A couple years before my freshman year at Pomona College, David Foster Wallace moved to Claremont, California to teach creative writing to undergrads. Now, four months after I graduated, he’s gone. That I got to be his student during that brief period was an incredible gift.
Dave was hilarious and brilliant and all that, but he was, above all, kind and decent and modest. He insisted we call him "Dave" because he said he felt like a fraud going by "Professor." When my boyfriend asked him for help getting an internship, Dave gave him some contacts to write to. "By the way," Dave told my boyfriend, as if explaining himself, "my writer-name is David Foster Wallace." Was he kidding? Did he really think that we didn’t know who he was? As his students, we were obsessed with him. He taught only twelve of us each semester, and half that many would line up each week for his office hours. We wanted to talk to him about what we were planning on writing, what we’d already written, whether it was okay that we weren’t going to be i-bankers or consultants or law students. “You’re really in a pickle,” he’d say to me, always sincere and compassionate.

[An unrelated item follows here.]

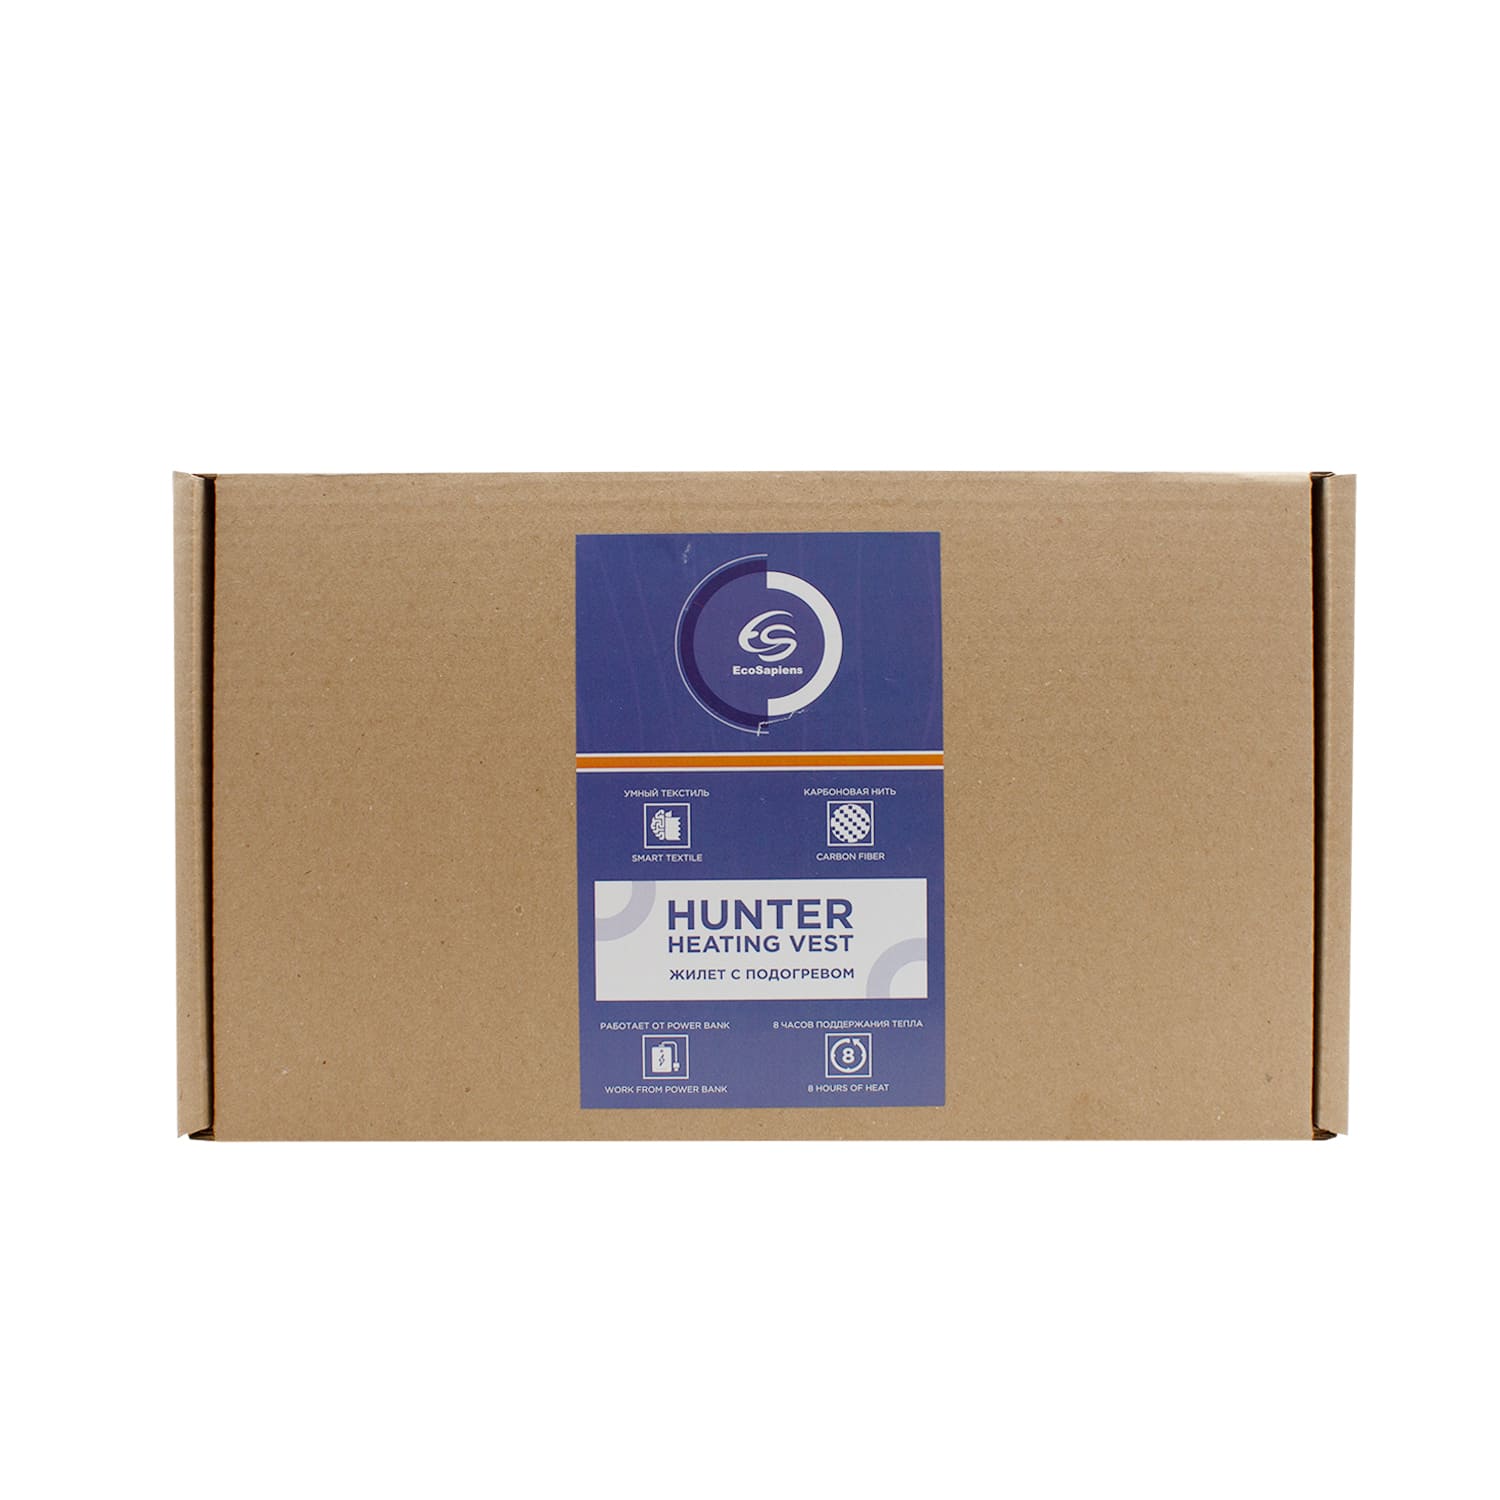 Hunter-S316-box2.jpg

Dave spent the kind of time and care reading undergraduate work that, if you’re familiar at all with "David Foster Wallace, The Writer," might seem like a waste. Take, for instance, the first story I ever wrote: it was six pages long and didn’t make a lick of sense. He wrote a six-page letter of response, which he then edited, annotated, and appended ridiculous-looking smiley-faces to (as he’d do for the next seven pieces I turned in, over the course of three years and three workshops). I know I’m not the only one of his students who saved every draft he wrote on, every letter of response from him, every grammar worksheet that he made us complete.
At the end of our last workshop, on the last day of classes of senior year, Dave told us that he felt privileged to have taught us. He started to choke up, and we all chuckled; we thought that, in the usual "Dave" fashion, he was making fun of himself for getting sentimental. But the thing was, he wasn’t kidding around, and as soon as we realized that, our faces turned to shock. Dave went on, telling us how much he was going to miss us, and crying.
I was sure that we’d always be in touch—whether I’d be frantically emailing him for help with a "major life decision" or sharing with him whatever it was I went on to do. Never could I have understood how much I would have to miss him. The years that I got to share with him: those were truly a privilege.









Julia. this is such a beautiful blog post. i’m so glad you shared how you felt about dave.
very well written too! all those grammer lessons paid off.
Julia–I am so sorry you lost such a dear and precious friend who obviously made such a strong impression on you and your incredible ability to write. He must have loved teaching you and the very best way to honor “Dave’s” work is to continue to write and share with the world all that you do so well which is a reflection of the wonderful dedication he had as your teacher.
This is hard to read. I saw elsewhere that DFW became somewhat obsessed with the newfangled phenom of emoticons, and it looks like that appeared in your marked up papers!
Julia, your description of his tribute to your class on the last day, and his emotional outpouring, is beautiful and painful at the same time. It shows his commitment to non-glamorous acts of kindness and commitment to others, though also perhaps an emotional fragility that is precarious.
From DFW’s Kenyon speech it appears decency and kindness were part of his resistance, an act of will against the mind’s capacity for darkness and shittiness. They were also probably a non-theorized part of who he just was.
DFW’s father’s quotes in the NYT obituary show he was suffering greatly in recent months. May he rest in peace.
Thank you, Julia, for sharing your thoughts and some of your many memories of Dave at a time when your grief over his loss is still so fresh. I feel honored to have known DFW as ‘Dave’ through you and Andrew and your stories of life with him on campus. What a wonderful privilege to have had him in your lives. What a wonderful legacy to his teaching the two of you will always be. I continue to hold you as his much loved students, Dave and his family in my thoughts and prayers.